The samples were kept in the dark and the angle of contact was measured at intervals. It was found that the contact angle increased slowly in the dark, but the contact angle of example 1 increased only to twenty more degrees. While comparative example 1 rose to more than sixty degrees. The super-hydrophilic effect of example 1 was achieved for a period of more than 48 hours. (results are shown in FIG. 2) effects of the invention

The coating film is composed of the high hydrophilic polytitanium siloxane and the photocatalyst which can generate super hydrophilic property through light induction, so that the coating film can maintain the long-term hydrophilic effect and has good antifogging property, antistatic property and self-cleaning function. The defect that the super-hydrophilic effect of the traditional photocatalyst coating film needs a long time from the completion of preparation to the exertion of the effect is overcome. And because the main body of the coating film is formed by Ti-O-Si bonds, the coating film is very stable, the damage of the oxidation-reduction effect of the photocatalyst to the coating film is avoided, and the coating film has very excellent weather resistance and durability. Can be applied to various surfaces needing antifogging, antistatic and self-cleaning. Is an ideal functional coating. Can be conveniently applied to various occasions and has important practical value.

Claims

1. A compound product with durable hydrophilicity and higher hydrophilicity under photocatalysis is characterized by that its main component is formed from polytitanium siloxane resin and photocatalyst material.

2. The product of the titanium polysiloxane compound contained in claim 1, wherein the organosilane as the raw material in the synthesis of the titanium polysiloxane resin contains a silane material which can produce hydrophilic hydroxyl groups after hydrolysis.

3. A silane material capable of generating an amphiphilic hydroxyl group according to claim 2, wherein the silane material comprises a silane material having an epoxy group and an acyloxy group, and specifically, N- (3-acryloyloxy) -3-aminopropyltrimethoxysilane, N- (3-acryloyloxy) -3-aminopropyltriethoxysilane, γ -methacryloyloxypropyltrimethoxysilane, β - (3, 4-epoxycyclo-alkyl) ethyltrimethoxysilane, γ -glycidylether epoxypropyltrimethoxysilane, or the like, as long as they contain an epoxy group or an acyloxy group.
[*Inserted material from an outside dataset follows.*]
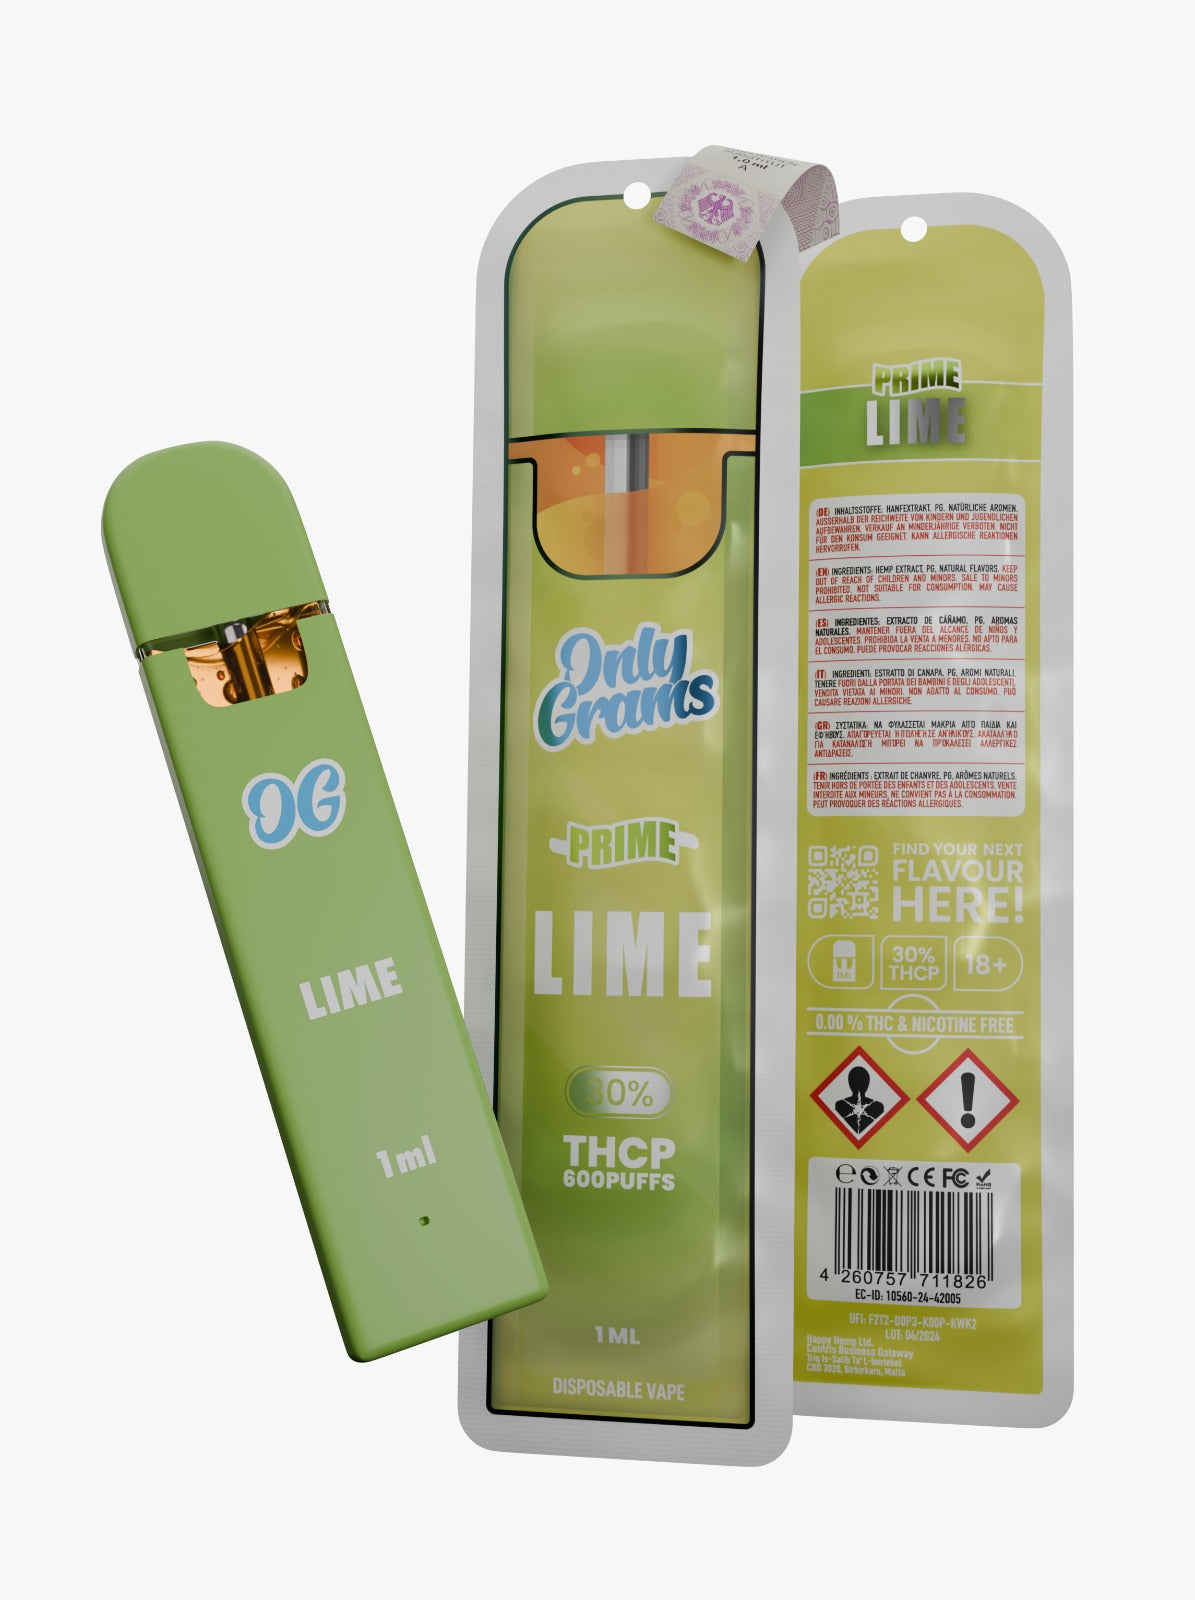 OnlyGrams Lime THCP 30% Vape

4. The compound of claim 1 wherein the titanium component of the polytitanium siloxane resin is derived from a titanate ester or titanate. Such as tetrabutyl titanate or the like, titanium tetrachloride, and the like. One or a combination of several of them.
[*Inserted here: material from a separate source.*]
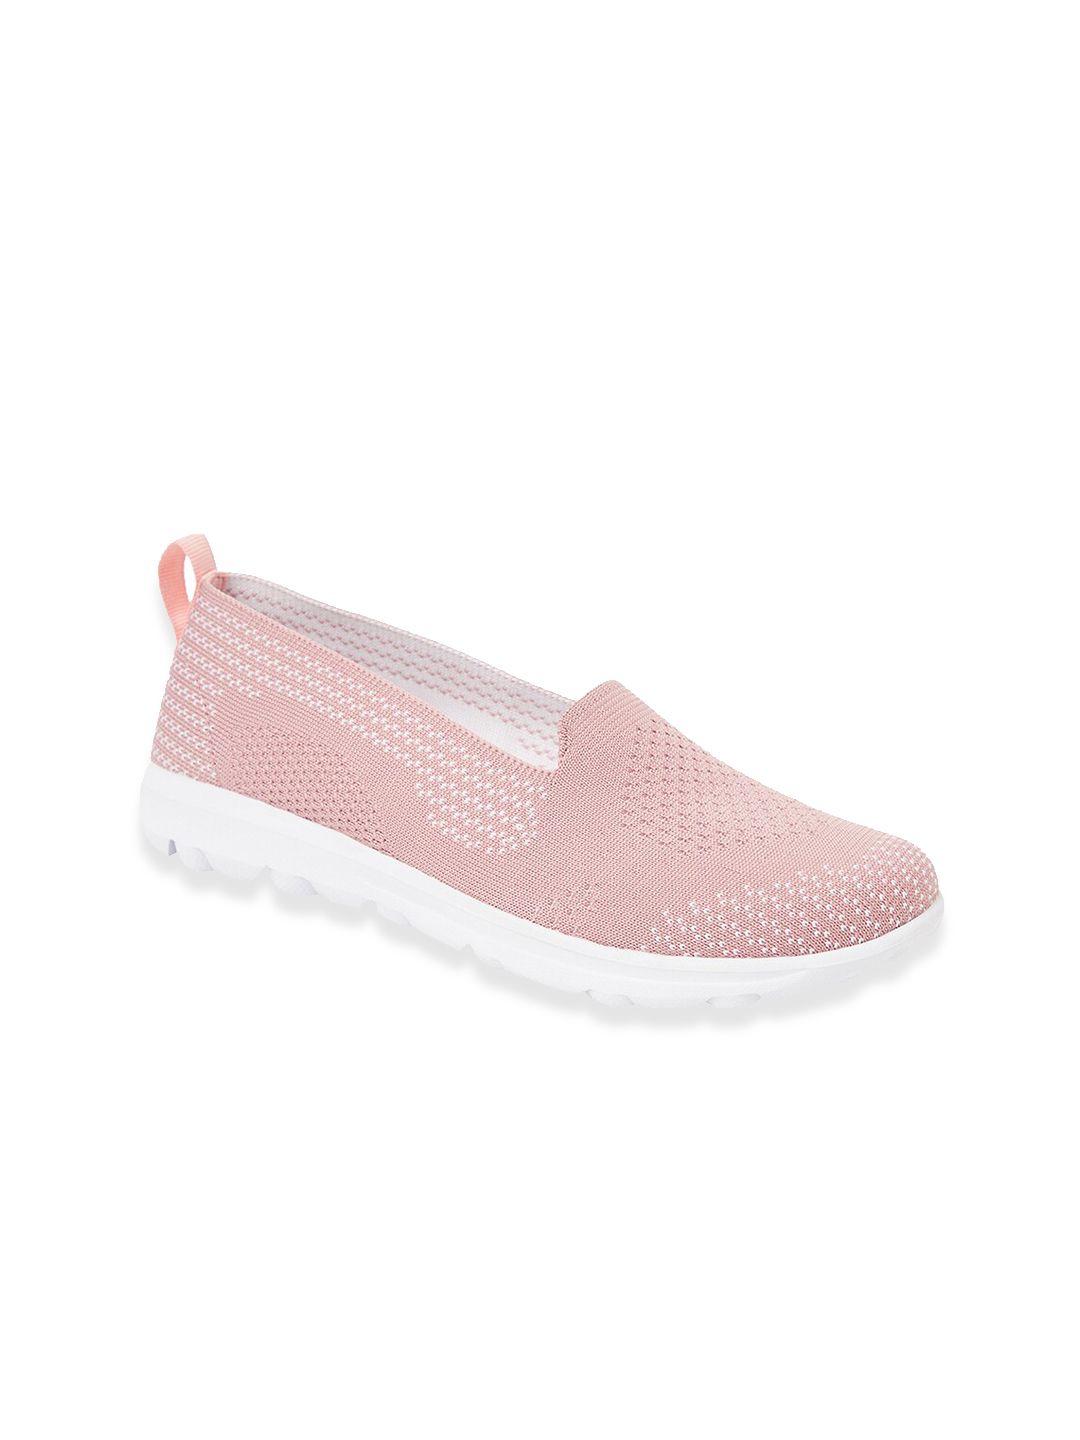 Lotto Women Pink Mesh Walking Shoes Price in India

5. The hydrophilic composite article according to claim 1, wherein the proportion of the polytitanium siloxane resin is 5 to 90% by weight.

6. The coated film according to claim 1 wherein the photocatalyst comprises TiO₂，SnO₂，ZnO，Fe₂O₃，WO₃，Sr(TiO₃) Etc. or a mixture thereof.

7. The photocatalyst according to claim 5, comprising anatase titanium dioxide.

8. The anatase titanium dioxide according to claim 6 having a particle size of 100 nm or less.

9. The anatase titanium dioxide of claim 7 further including other dopants based on titanium dioxide that enhance the charge separation upon photoexcitation. Including titanium dioxide supporting metals such as iron, platinum, nickel, rhodium, etc., and mixtures of titanium dioxide and certain strong acid type metal oxides such as tungsten oxide, iron oxide, molybdenum oxide, silicon oxide, etc.

10. The hydrophilic compound preparation of claim 1, which is composed of an inorganic compound having a titanium-silicon-oxide (Ti-O-Si) bond as a main component, wherein a part of the organic groups bonded to the titanium-silicon-oxide bond can be decomposed by a photocatalyst.